<<<<

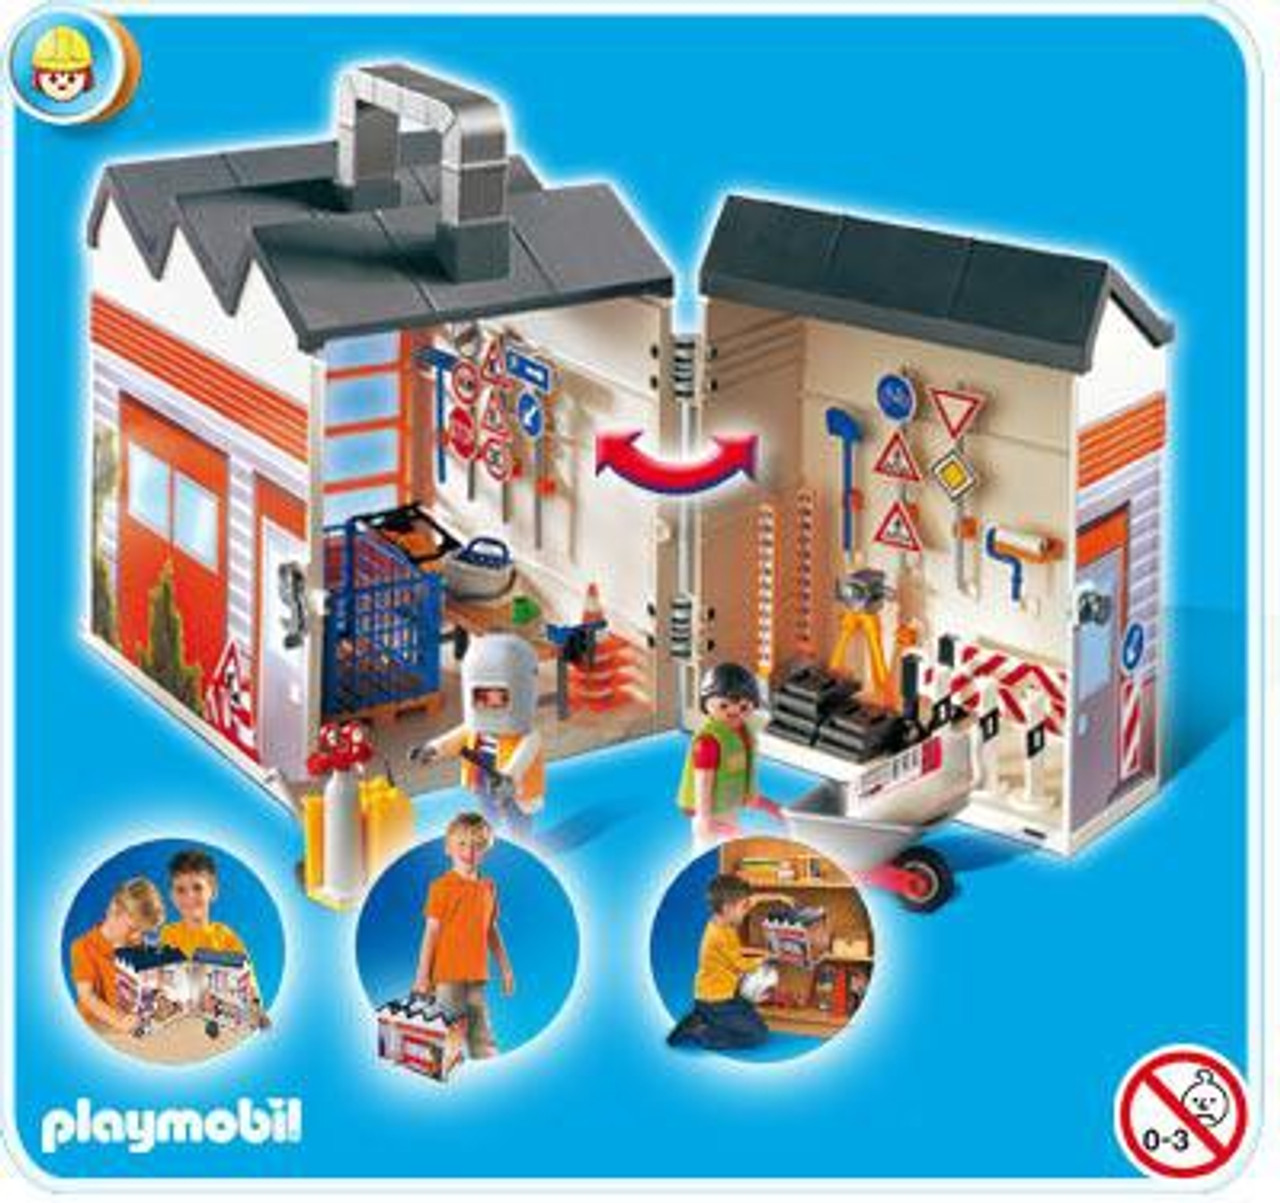 Playmobil Take Along Construction Set 4043 - ToyWiz
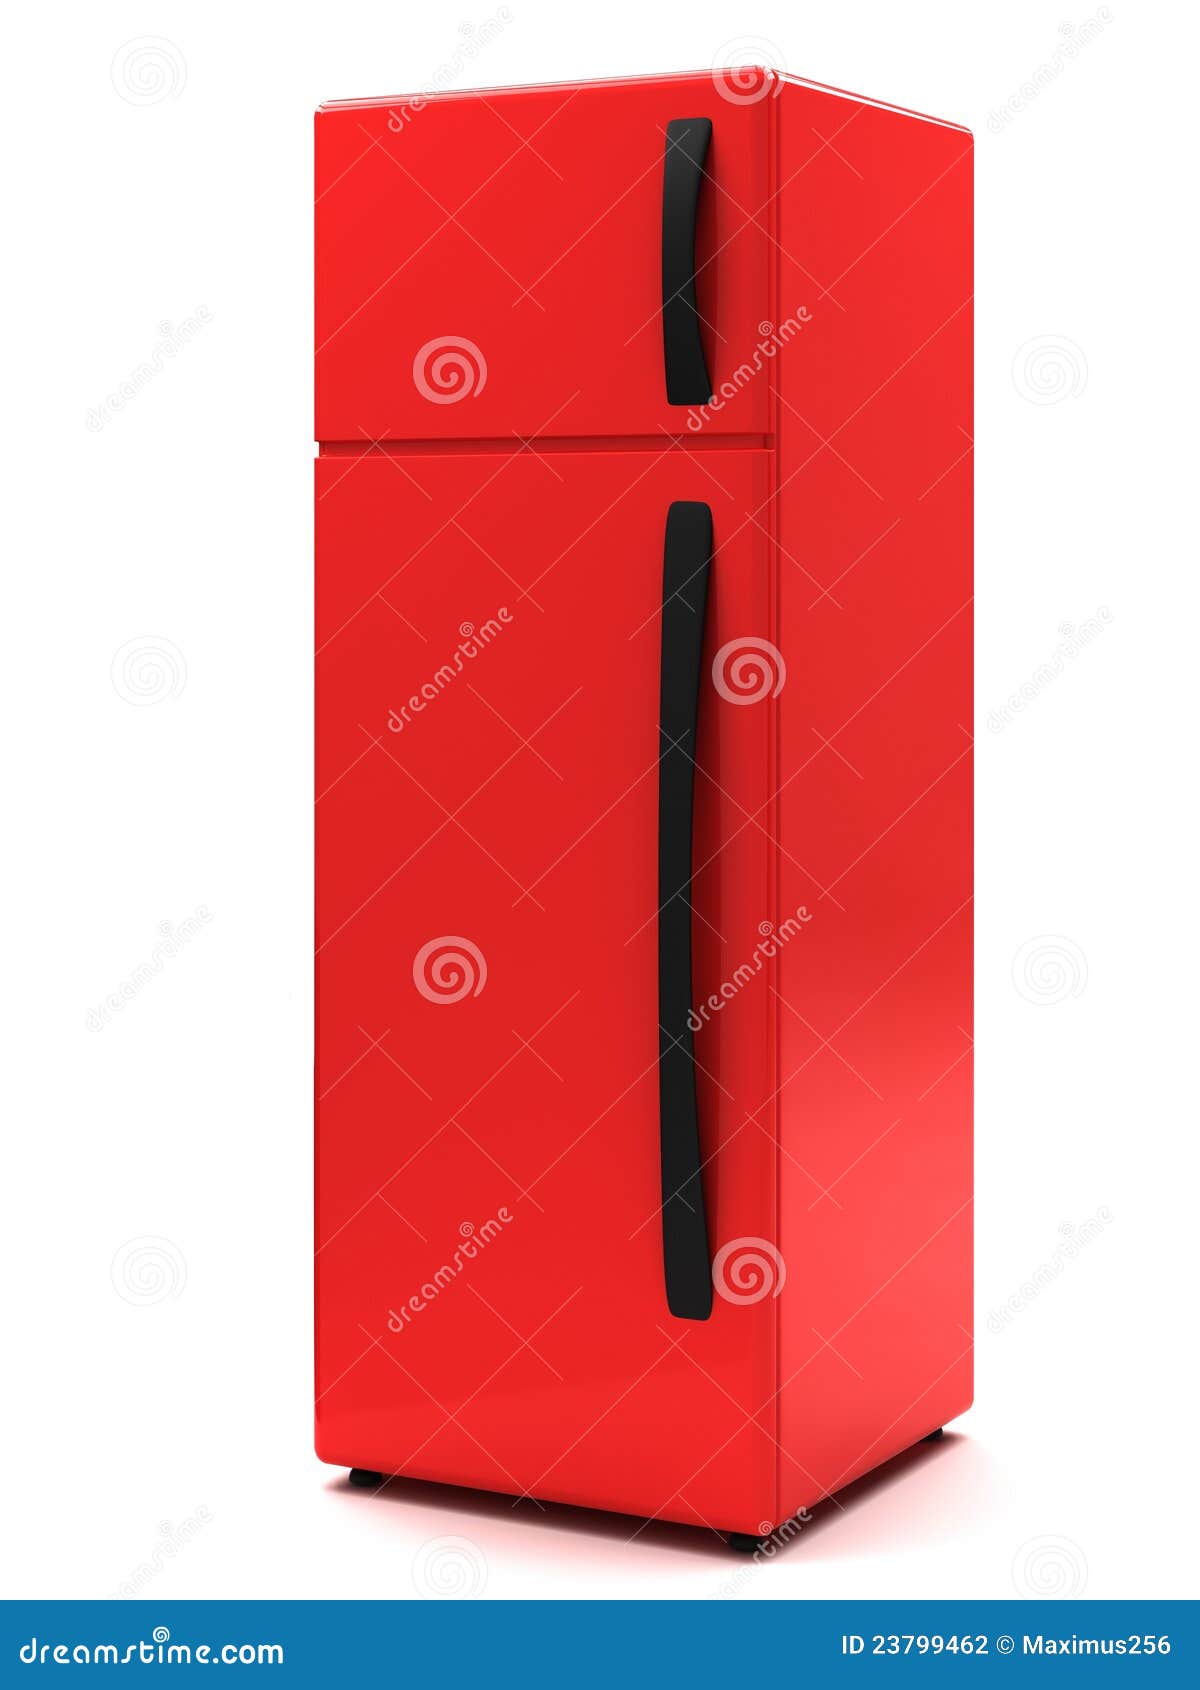 The red refrigerator stock illustration. Illustration of coolness
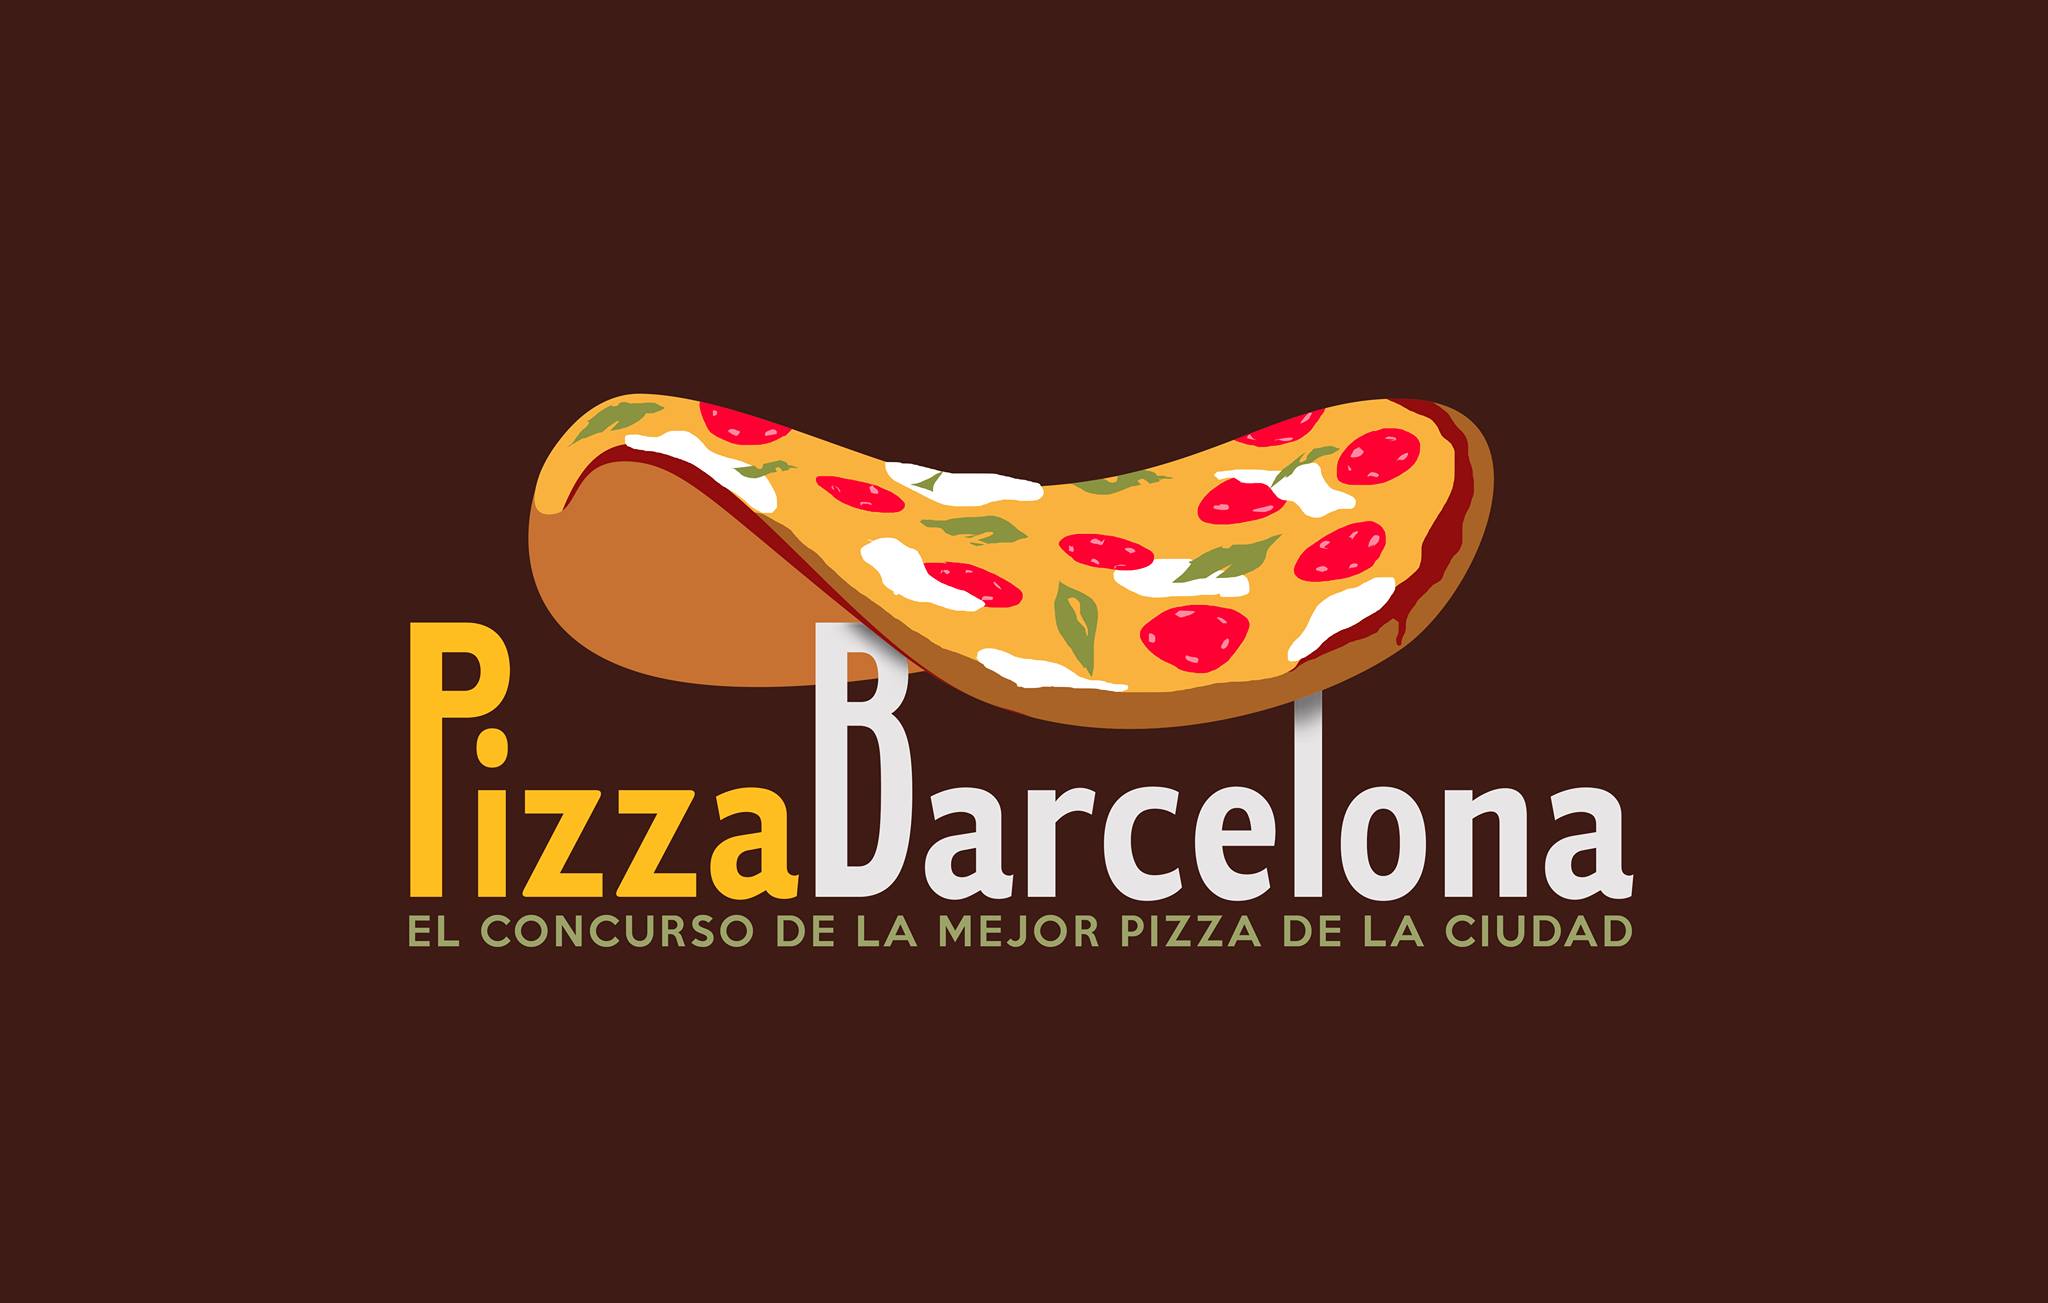 Pizzabarcelona_gusto

>>>>

- WORK INSTRUCTIONS -
Word for word, return the listing above; the pictures do not belong in the copy.

- RESPONSE TO THIS TASK -
 Playmobil Take Along Construction Set 4043 - ToyWiz
 The red refrigerator stock illustration. Illustration of coolness
 Pizzabarcelona_gusto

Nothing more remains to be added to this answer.